Rows are called Periods. They indicate the number of shells (energy levels) in an atom.
1:19 understand how to deduce the electronic configurations of the first 20 elements from their positions in the Periodic Table
Electrons are found in a series of shells (or energy levels) around the nucleus of an atom.
Each energy level can only hold a certain number of electrons. Low energy levels are always filled up first.
Rules for working out the arrangement (configuration) of electrons:
Example – chlorine (Cl)
1) Use the periodic table to look up the atomic number. Chlorine’s atomic number (number of protons) is 17.
2) Remember the number of protons = number of electrons. Therefore chlorine has 17 electrons.
3) Arrange the electrons in levels (shells):
- 1st shell can hold a maximum of 2
- 2nd can hold a maximum of 8
- 3rd can also hold 8
Therefore the electron arrangement for chlorine (17 electrons in total) will be written as 2,8,7
4) Check to make sure that the electrons add up to the right number
The electron arrangement can also be draw in a diagram.
Electron arrangement for the first 20 elements:
1:20 understand how to use electrical conductivity and the acid-base character of oxides to classify elements as metals or non-metals
Metals
- conduct electricity
- have oxides which are basic, reacting with acids to give a salt and water
Non – Metals
- do not conduct electricity (except for graphite)
- have oxides which are acidic or neutral
1:21 identify an element as a metal or a non-metal according to its position in the Periodic Table
Metals on the left of the Periodic Table.
Non-Metals on the top-right, plus Hydrogen.
1:22 understand how the electronic configuration of a main group element is related to its position in the Periodic Table
Elements in the same group have the same number of electrons in their outer shell.
This is why elements from the same group have similar properties.
1:23 Understand why elements in the same group of the Periodic Table have similar chemical properties
Elements in the same group of the periodic table have the same number of electrons in their outer shells, which means they have similar chemical properties.
1:24 understand why the noble gases (Group 0) do not readily react
The noble gases are inert (unreactive) because they have a full outer shell of electrons.
2:01 understand how the similarities in the reactions of lithium, sodium and potassium with water provide evidence for their recognition as a family of elements
Group 1 metals such as potassium, sodium and lithium, react with water to produce a metal hydroxide and hydrogen. For example:
lithium + water → lithium hydroxide + hydrogen
2Li (s) + 2H₂O (l) → 2LiOH (aq) + H₂ (g)
The observations for the reaction of water with either potassium or sodium or lithium have the following similarities:
- fizzing (hydrogen is produced)
- metal floats and moves around on the water
- metal disappears
In each case a metal hydroxide solution is produced.
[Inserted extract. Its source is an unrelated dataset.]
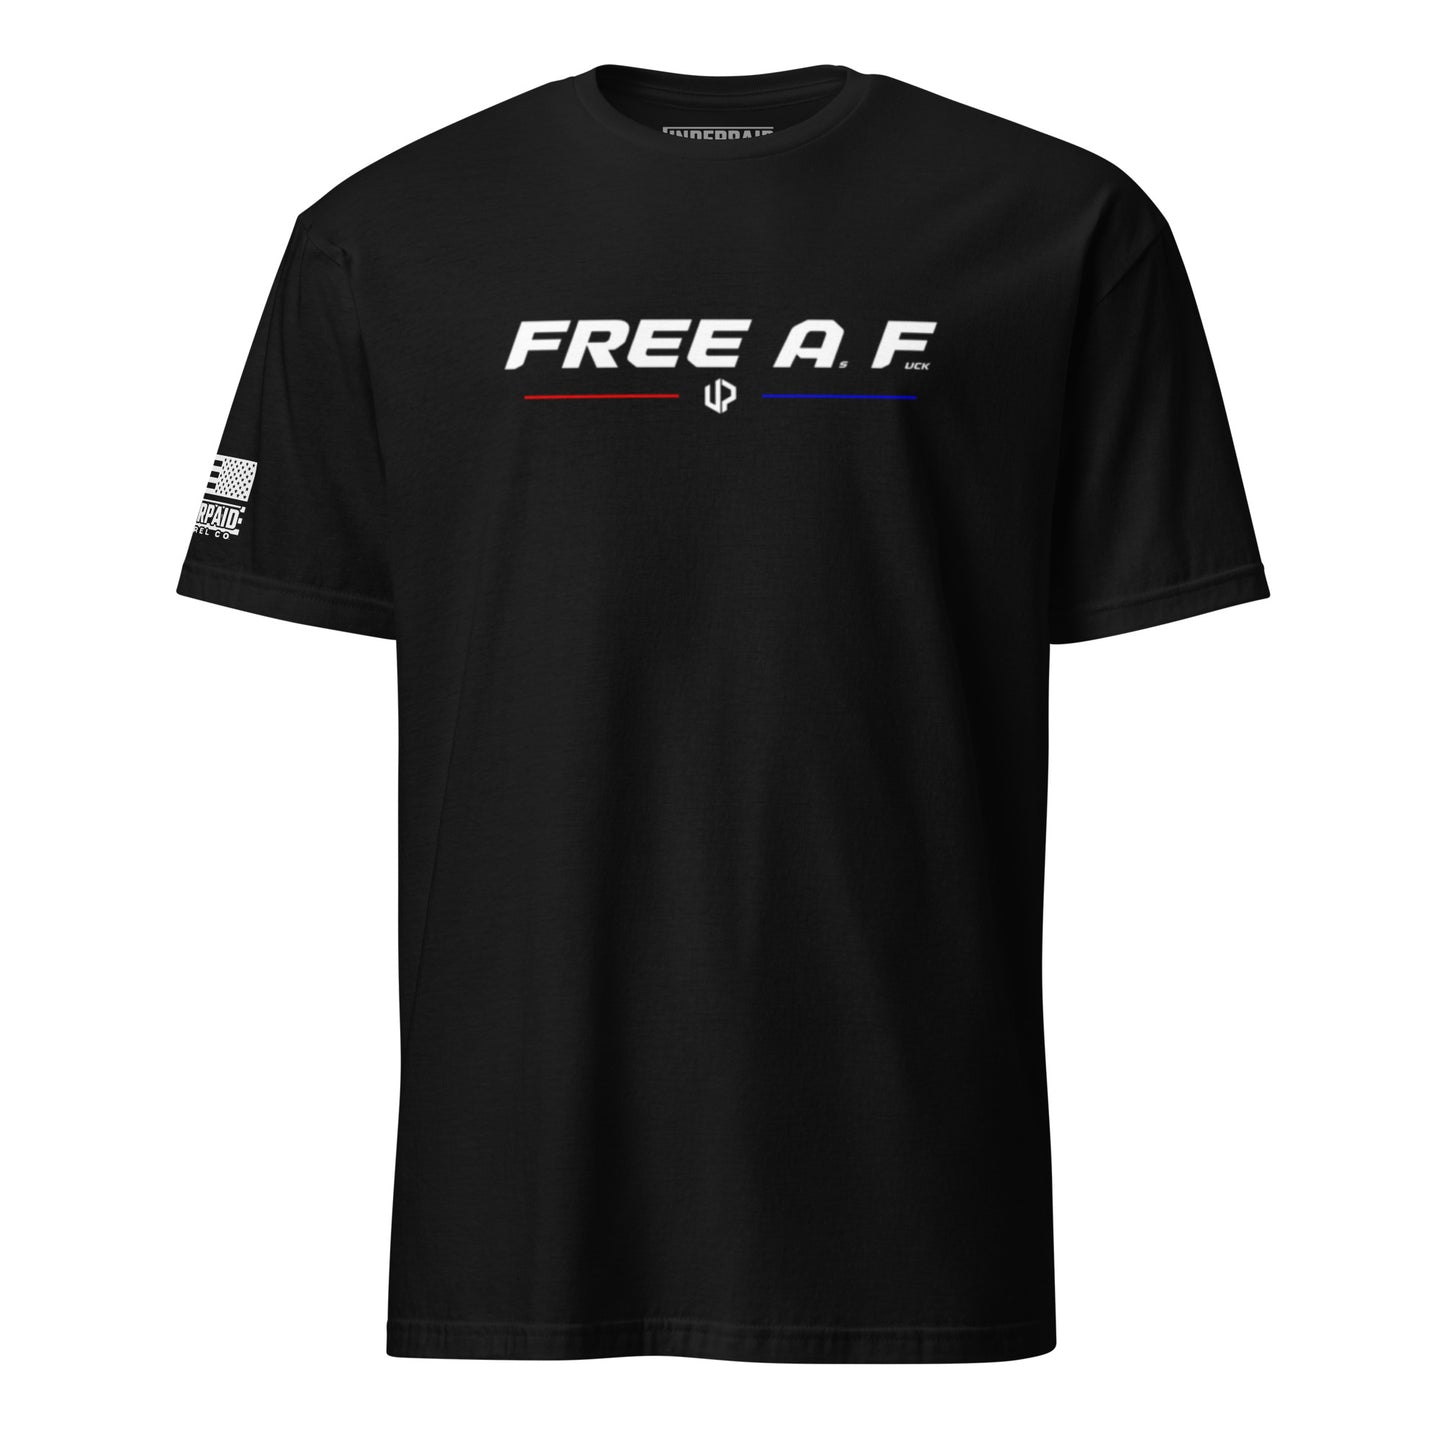 FREE A.F.-S/S Tee

These similarities in the reactions provide evidence that the 3 metals are in the same group of the Periodic Table (i.e. have the same number of electrons in their outer shell).
2:02 understand how the differences between the reactions of lithium, sodium and potassium with air and water provide evidence for the trend in reactivity in Group 1
Lithium is the first element in group 1 of the Periodic Table. The observations for the reaction of lithium and water are:
- fizzing (hydrogen gas is released)
- lithium floats and moves around on the water
- lithium disappears
Sodium is the second alkali metal in the group. The reaction of sodium and water is more vigorous than lithium’s:
- fizzing (hydrogen gas is released)
- sodium floats and moves around on the water
- sodium melts into a silver-coloured ball
- sodium disappears
Potassium is the third alkali metal in the group. The reaction of potassium and water is more vigorous than sodium’s:
- fizzing (hydrogen gas is released)
- potassium floats and moves around on the water
- catches fire with a LILAC flame
- potassium disappears
When the group 1 metals react with air they oxidise, showing a similar trend in reactivity as we go down the group of the Periodic Table.
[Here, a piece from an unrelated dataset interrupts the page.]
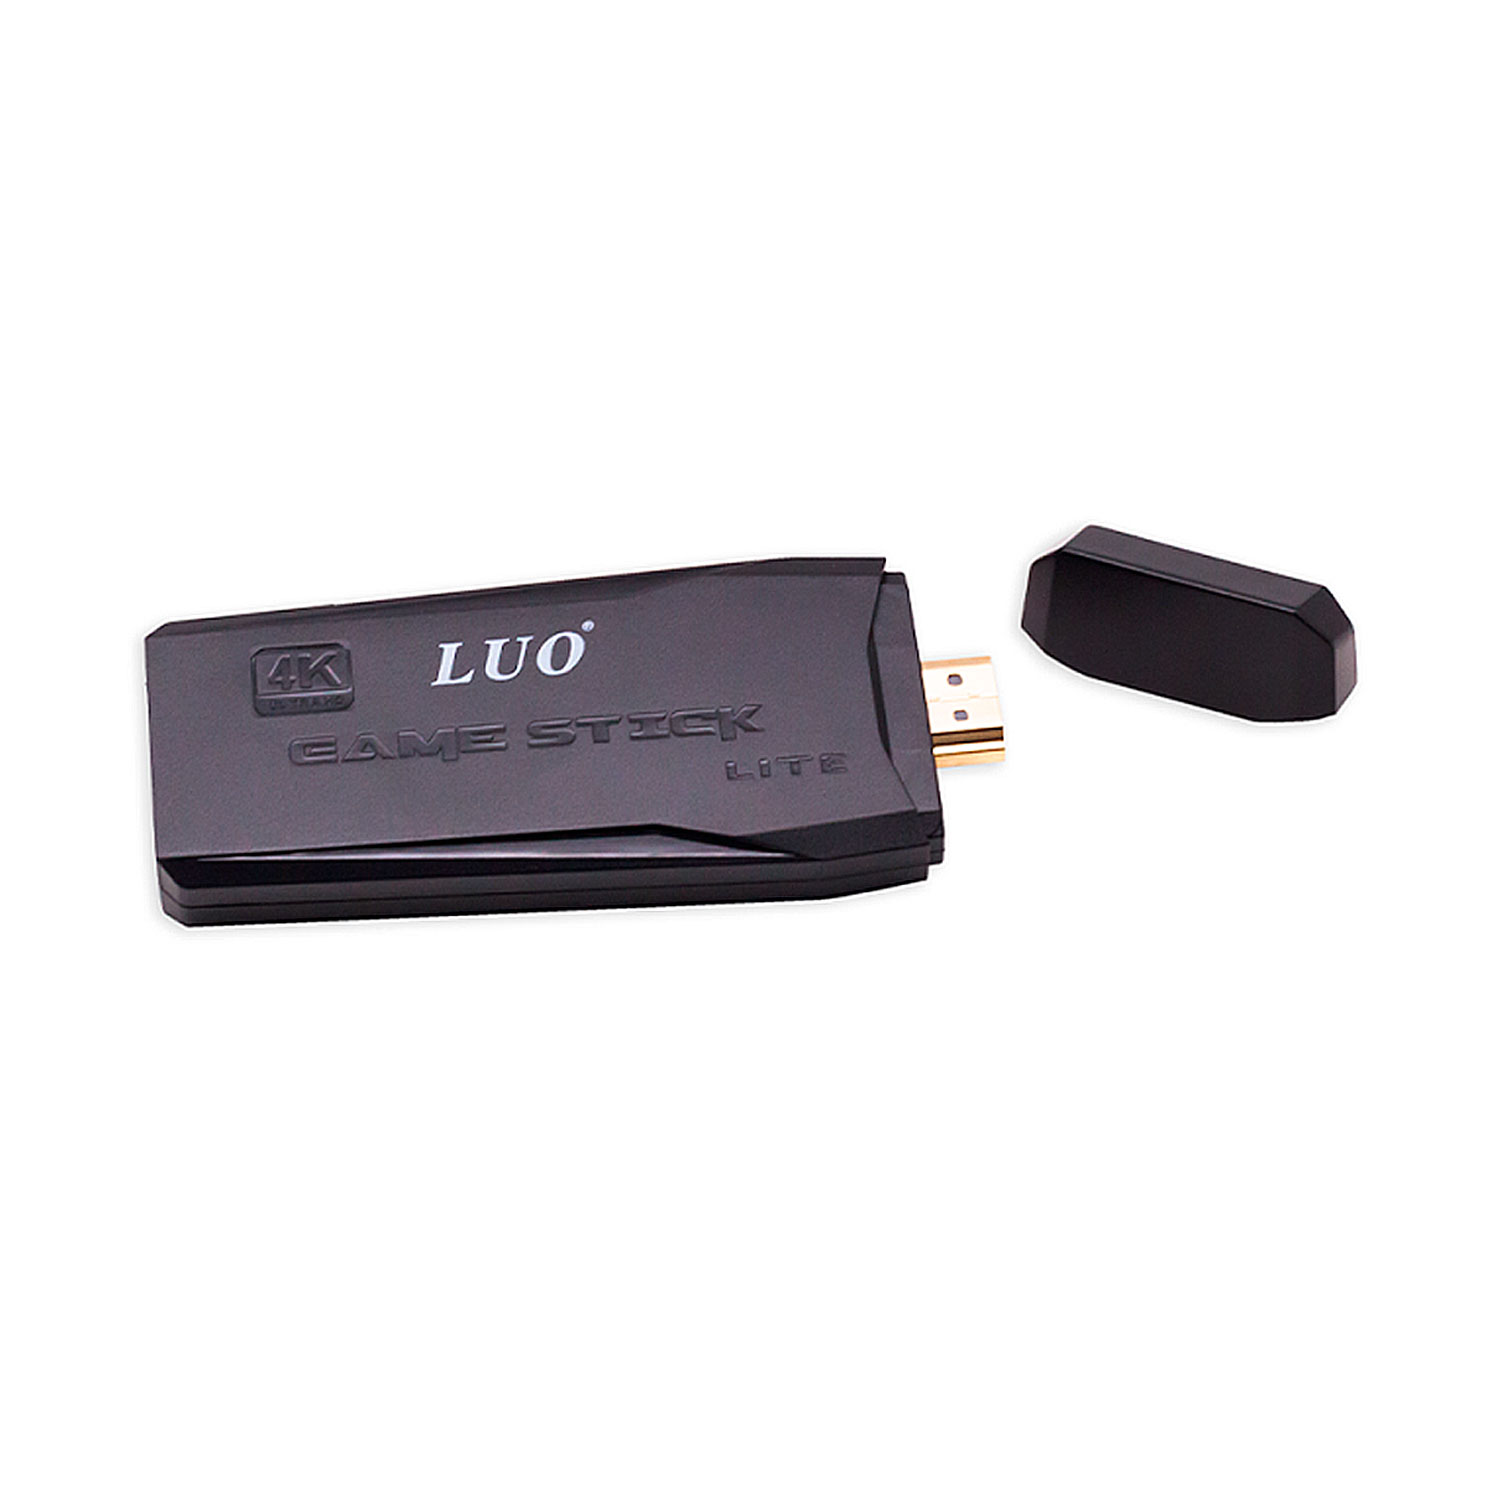 Console Luo Lite Game Stick 1000 Jogos 4K UHD 2 Controles Sem Fio - Preto (Sem Garantia)

Therefore, as we go down group 1 (increasing atomic number), the elements become more reactive: Li<Na<K<Rb<Cs<Fr
2:03 use knowledge of trends in Group 1 to predict the properties of other alkali metals
From the data in the table, it is possible to deduce the properties of francium from the trends in the other group 1 metals.
For example, we can predict that francium will have a melting point around 20⁰C and a density of just over 2g/cm³.
We can also predict that francium will react violently with water, producing francium hydroxide and hydrogen.
| Alkali metal | Melting point (⁰C) | Density (g/cm³) | Reaction with water | Products |
|---|---|---|---|---|
| lithium (Li) | 181 | 0.53 | fizzing | lithium hydroxide + hydrogen |
| sodium (Na) | 98 | 0.97 | rapid fizzing | sodium hydroxide + hydrogen |
| potassium (K) | 63 | 0.86 | vigorous fizzing and lilac flame | potassium hydroxide + hydrogen |
| rubidium (Rb) | 39 | 1.53 | ? | rubidium hydroxide + hydrogen |
| caesium(Cs) | 29 | 1.88 | ? | caesium hydroxide + hydrogen |
| francium (Fr) | ? | ? | ? | ? |
Alkali metals and water – videos
The awesome Professor Sir Martyn Poliakoff shows us the reaction of some alkali metals and water.
2:04 (Triple only) explain the trend in reactivity in Group 1 in terms of electronic configurations
As you go down the group the outer electron lost from the group 1 metal is further from the nucleus therefore the electron is less attracted by the nucleus and therefore more easily lost.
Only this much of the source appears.